Fortunately, I was saved from going inside by a honk. Silla opened the door to Reese’s truck as I turned. She slid out and went around to the tail to grab something out of the back.
I put my elbow up on the edge of the truck bed. She had Mom’s lacquered box.
Silla offered it to me. “I don’t want this in my house.”
My chest tightened. “Oh. Okay.” And here I’d been looking forward to telling her what I’d done to my eyes. Thinking maybe it would distract her a little, make her excited about the magic again.
Releasing the box into my hands, she stepped back, arms wrapped around her stomach. Before she turned away, I saw tears on her cheeks. Her hair hung lank around her face. All the quick pain of rejection broke up, and I just wanted to make her stop hurting instead.
“Silla, aw, Silla.” I set the box hurriedly on the asphalt and reached for her. She didn’t turn around, but she let me hold her shoulders, and even leaned back against me. I pressed my cheek against her hair. Her hands slowly slid up and crossed over her chest, and she gripped my fingers tightly. We still had each other. We did. I had to believe that. She wasn’t rejecting me, even though the magic was part of me—was something I wanted. This was just a violent reaction to grief. It had to be.
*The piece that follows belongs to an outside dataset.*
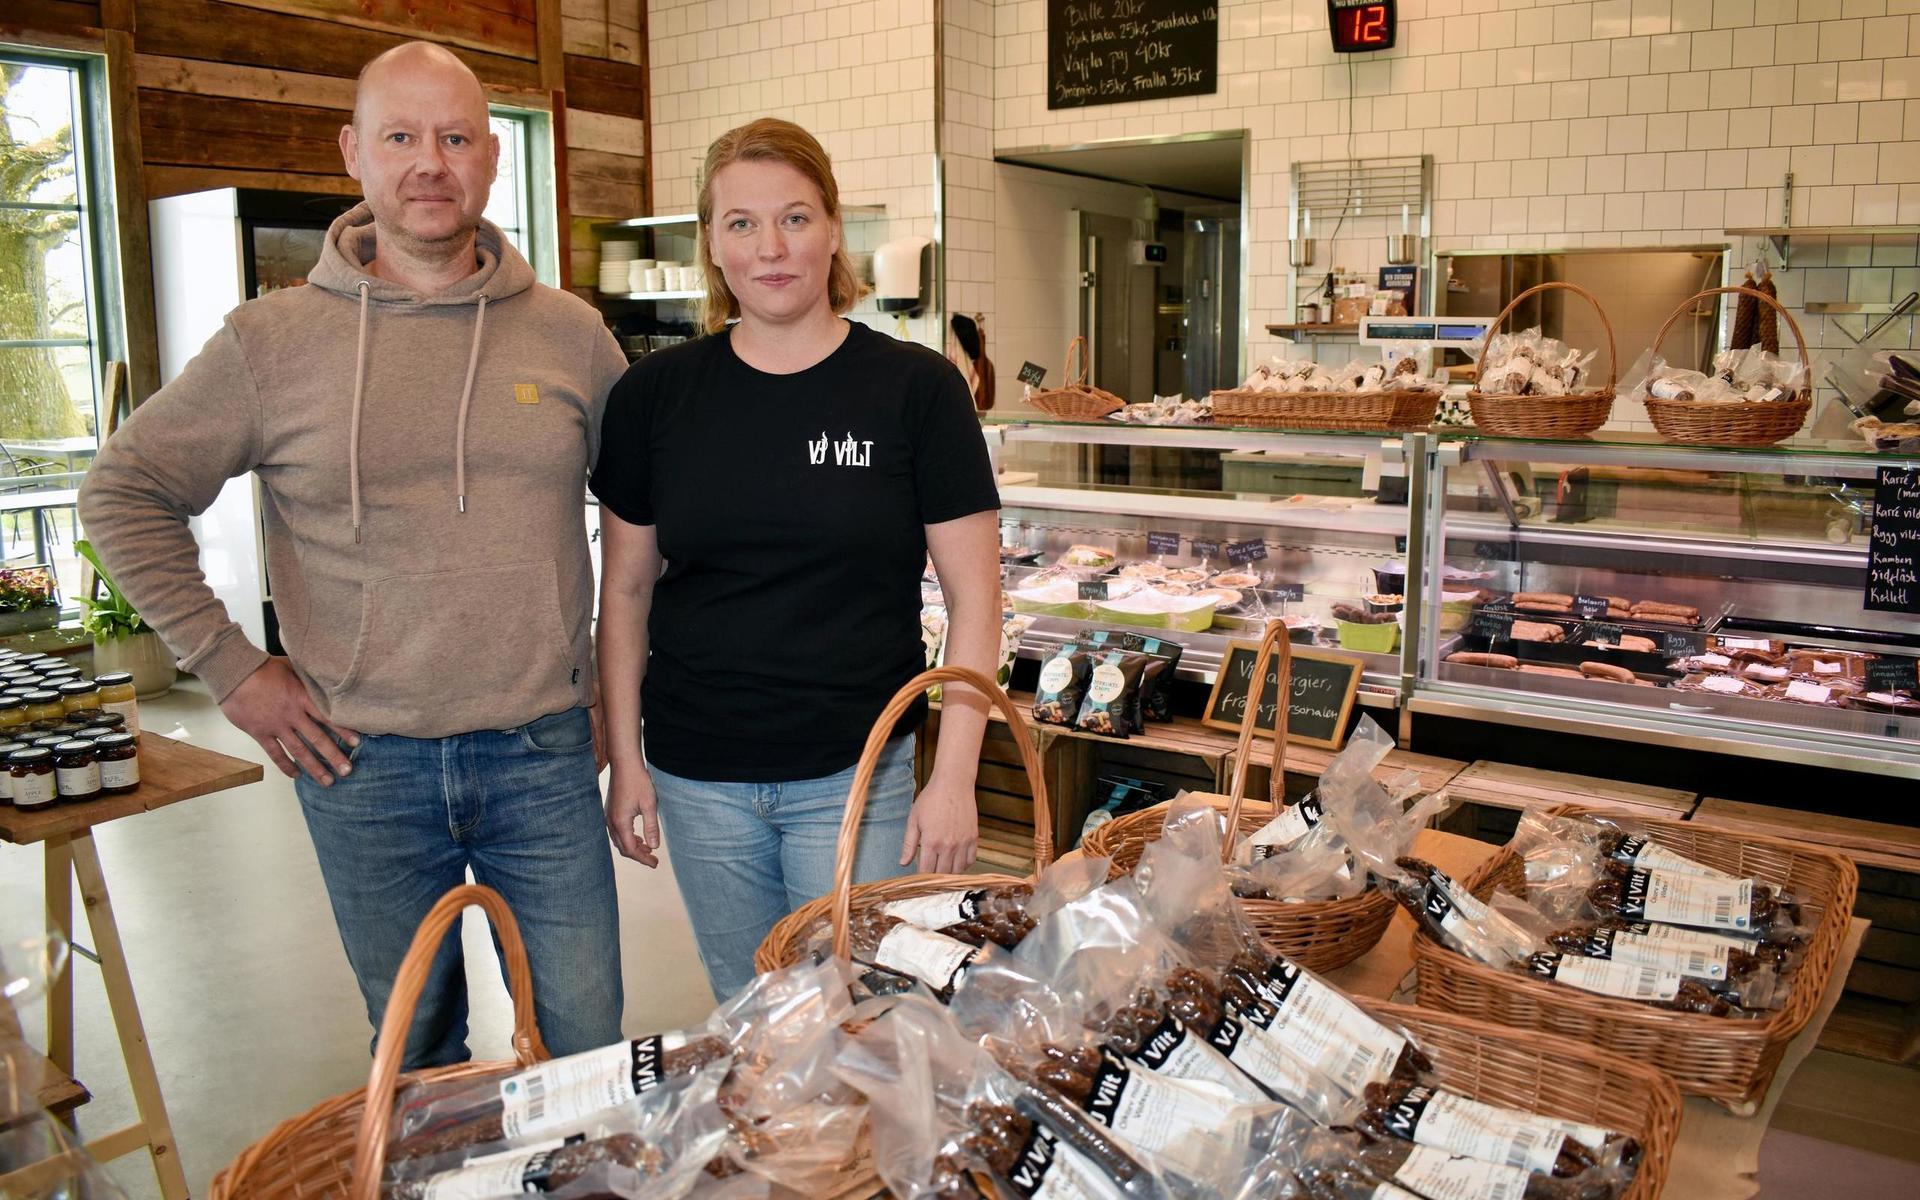 Det företagsamma paret Jonas Carlsson och Caroline Engvall har öppnat gårdsbutiken VJ Vilt under våren.

“I see her everywhere, Nicholas.”
“Josephine?” I didn’t really want to say her name, and whispering it made it a little better.
“Yeah. I can’t believe she just left.”
“Neither do I.”
“Everyone I look at—that’s her. I couldn’t go into Dairy Queen because Mr. Denley was there, staring at me. I froze, just waiting for him to pick up a knife and come after me. And in the grocery store, I was even afraid of a toddler.”
I squeezed her, guilt sort of poking at my ribs since none of this had even occurred to me. While I’d been thinking about me, about my magic and the town believing us, about the first dead body I’d really seen, here was my girlfriend falling to pieces. I sucked. I’d make it up to her. “We’ll figure something out.” The protection amulets. We’d make them. We’d make them, just the two of us.
“I can’t stop crying, either.”
I hugged her as tightly as I could, trying to make her feel like I wasn’t going anywhere.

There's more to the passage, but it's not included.